‘We didn’t think it was real,’ scientists admit

Researchers Mississippi Discovered Previously 89597903 9c2ef1.jpg

A bee in your bonnet has nothing on a wasp in your belly.

Mississippi scientists have discovered a new species of wasp that lays eggs in living flies so the babies burst out of their bellies, Nature reports.

“At the time we didn’t think it was real,” the study’s lead author Logan Moore, a biologist at Mississippi State University, told Live Science.

The females of this interspecies infiltrator, dubbed syntretus perlmani, reproduce by driving their hypodermic-like ovipositor— the stinger in stinging wasps — into a fruit fly’s abdomen to deposit its eggs.


A parasitized fruit fly.
Mississippi scientists have discovered a new species of wasp that lays eggs in living flies so the babies burst out of their bellies, as described recently in the journal “Nature.” Matthew Ballinger

The adult wasp.
The adult wasp is pictured. “I would say maybe the one thing that would explain why it’s gone undiscovered for so long is because nobody is expecting it,” said study author Logan Moore. “No parasitoid wasp has been known to infect the adult stage of not just Drosophila, but of flies in general.” Matthew Ballinger

This embryo then hatches into a tiny spiky-tailed larva, which develops inside the still-living host for about 18 days before erupting out the side of its abdomen, inducing a fatal stomachache.

“Just to add an additional layer of horror, the fly will normally remain alive for several hours after that,” said Moore. The wasp’s grisly manner of reproduction has earned it comparisons to the xenomorphs in Ridley Scott’s 1979 sci-fi horror classic “Alien.”

These fruit fly invaders are considered parasitoids rather than parasites because they always kill their hosts unlike the latter, which generally leave them alive.

Perlmani, which is the only known species of wasp to infect fruit flies, was first discovered last year in a Mississippi backyard by scientists collecting a type of fruit fly called drosophila affinis. They were reportedly checking them for parasitic worms called nematodes.

Moore initially couldn’t believe his eyes, saying: “If you dissect thousands of flies, you will see some things that are strange and odd, and you’ll never see them again,” exclaimed the researcher.

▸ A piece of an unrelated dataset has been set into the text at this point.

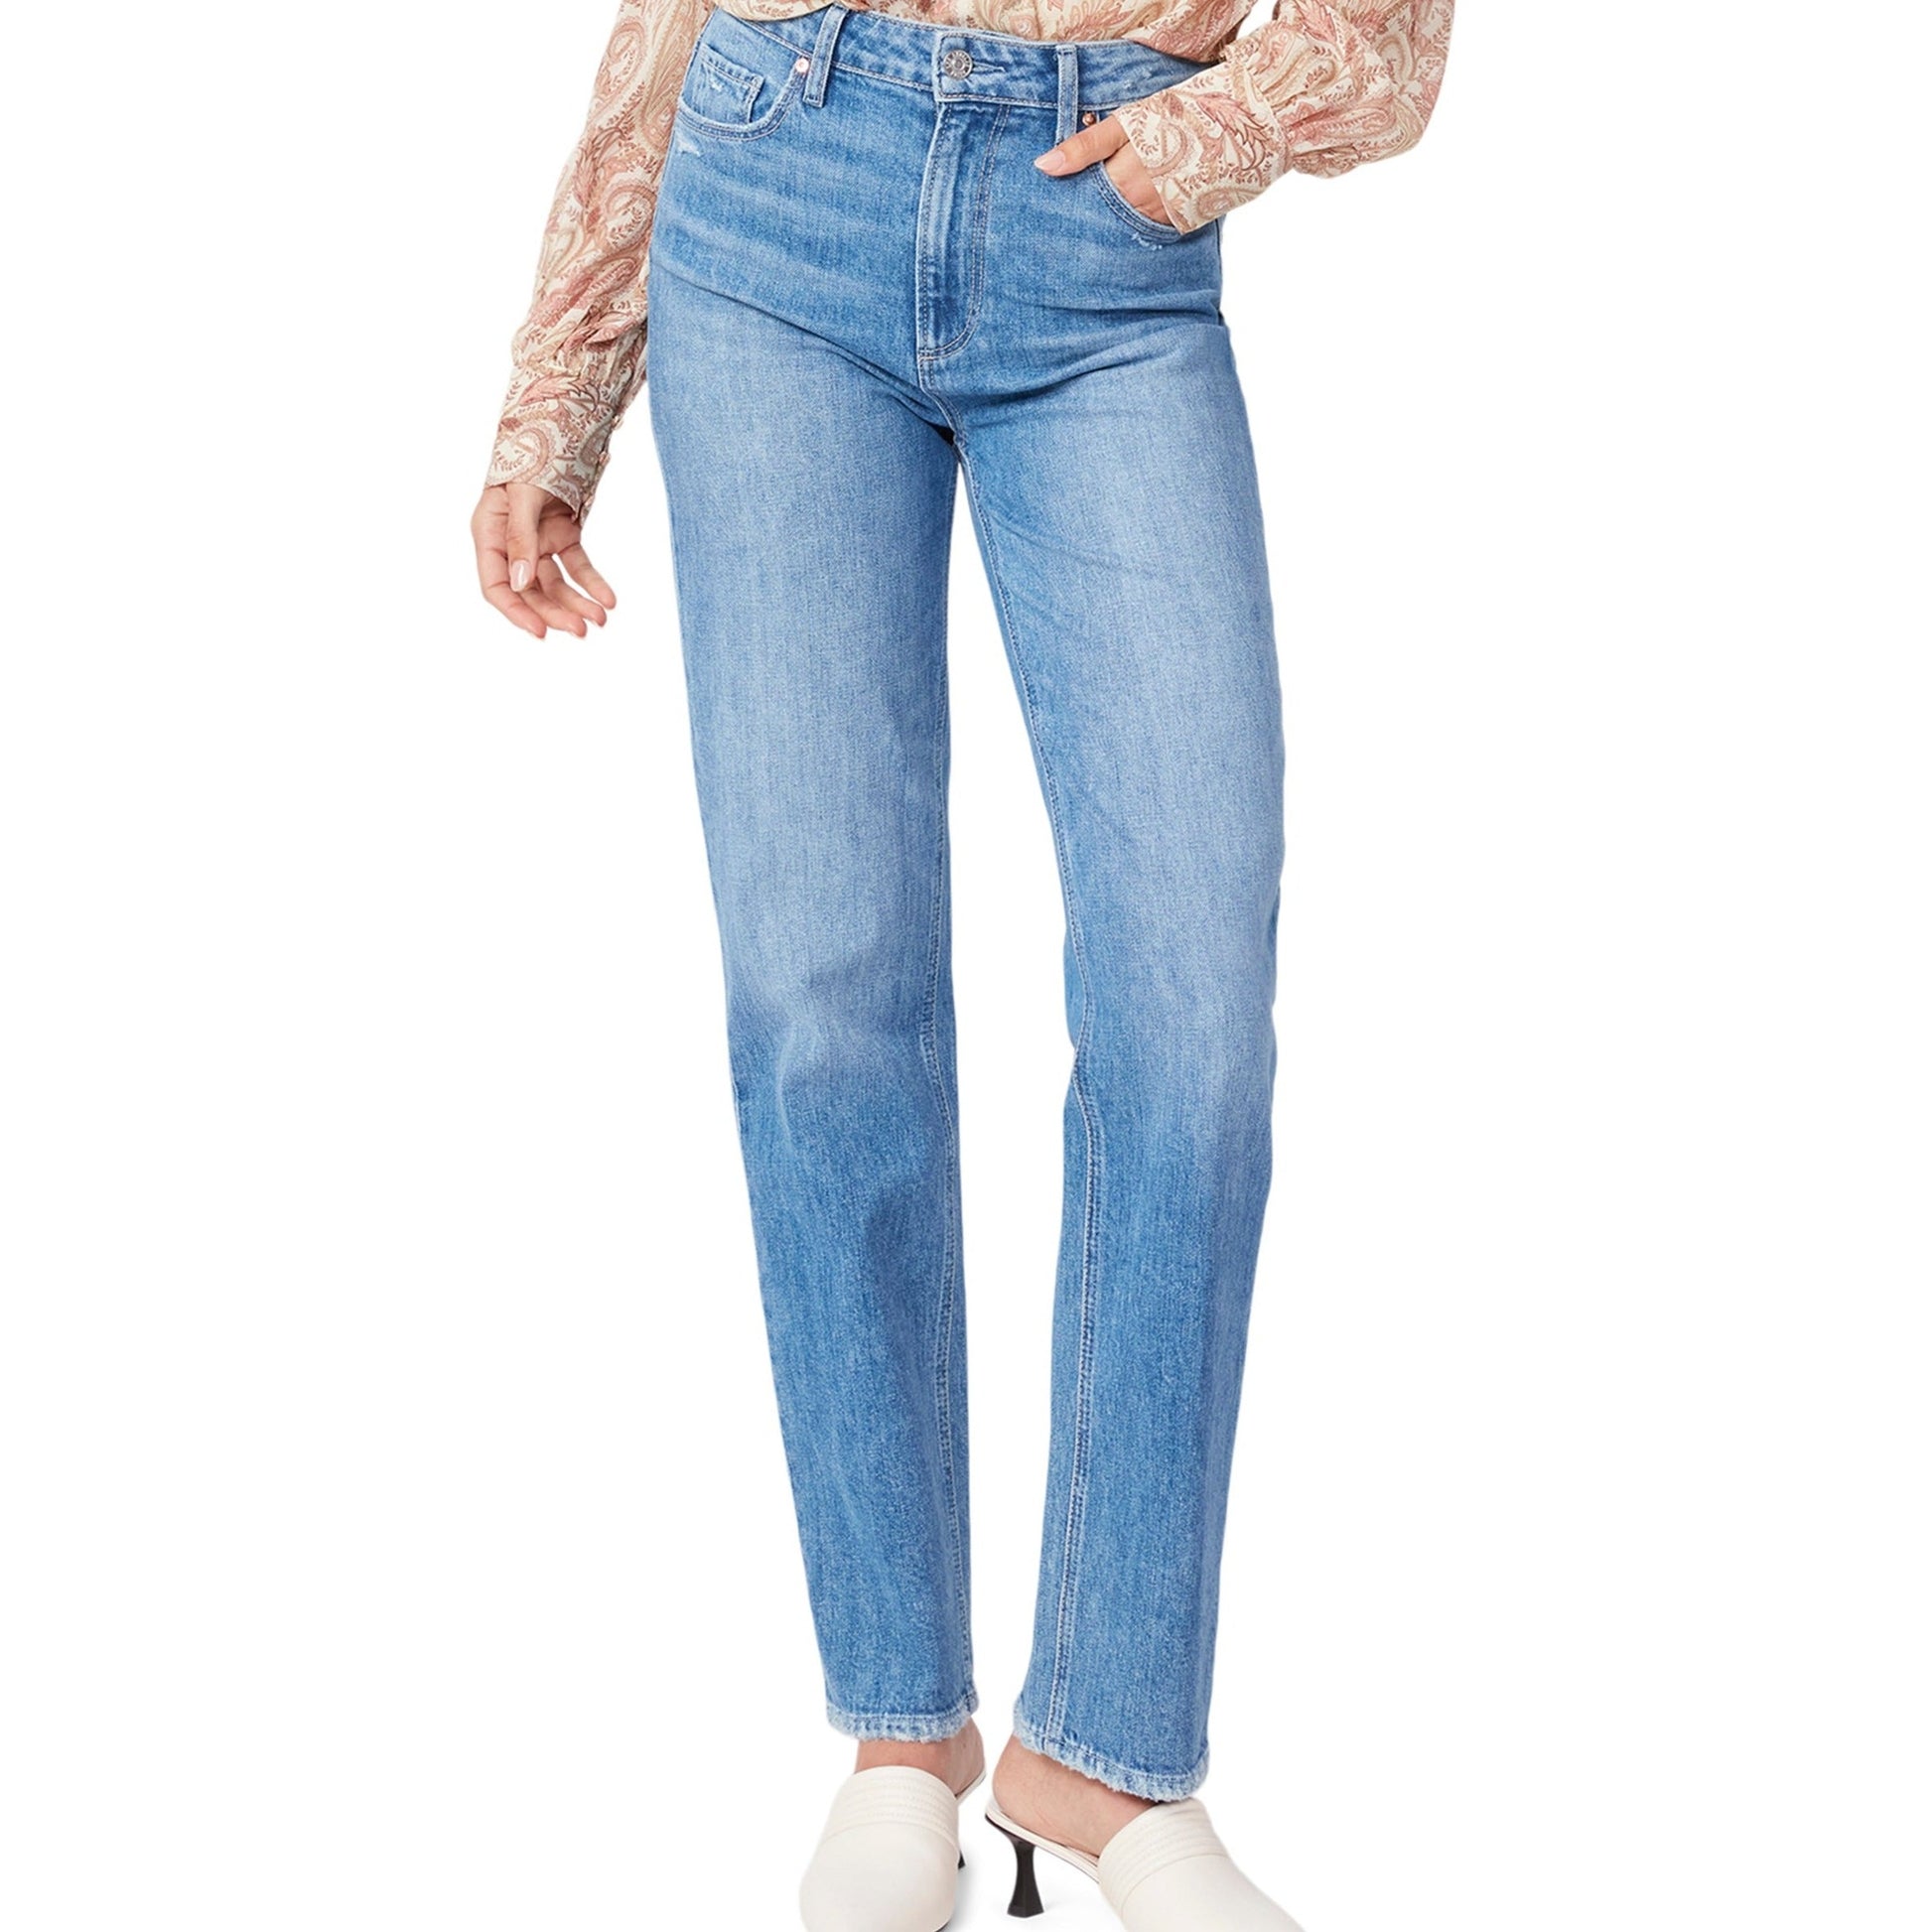 A woman wearing Paige Sarah Straight 30" - Wannabe Distressed jeans and a blouse.

After collecting several of wasp larvae, his team confirmed their identity by raising them in a lab and studying their DNA.

Upon arrival at their new digs, the babies reportedly departed their host’s bodies and burrowed into the provided substrate, where they remained for 23 days before emerging as fully-developed adult wasps.

Meanwhile, subsequent research found that the wasps infected other species of fruit fly as well.

While this parasitic pregnancy might seem like a horrible way to die, this discovery is perhaps a boon for people concerned about their produce.

As their name suggests, fruit flies love to prey on ripened fruits or vegetables and often continue breeding in drains, garbage disposals, and empty bottles, making it tricky to evict them from the kitchen.

Although not technically dangerous, they’re considered a huge nuisance and can be a sign of unsanitary conditions.

“Almost everybody in the world has had some sort of interaction with this fly, usually not in a good context,” observed Moore.

Why did it take so long to discover something that infects such a common household pest?

Moore theorized: “I would say maybe the one thing that would explain why it’s gone undiscovered for so long is because nobody is expecting it. No parasitoid wasp has been known to infect the adult stage of not just Drosophila, but of flies in general.”

He claimed that its existence leaves us “wondering what else is out there on our doormat right now.”

Conservative estimates suggest that there are between between 500,000 and 1 million species of parasitoid wasps worldwide.

Among the most famous is tarantula hawk, a sparrow-sized wasp that resides in the American Southwest and is known for paralyzing and impregnating its arachnid namesake.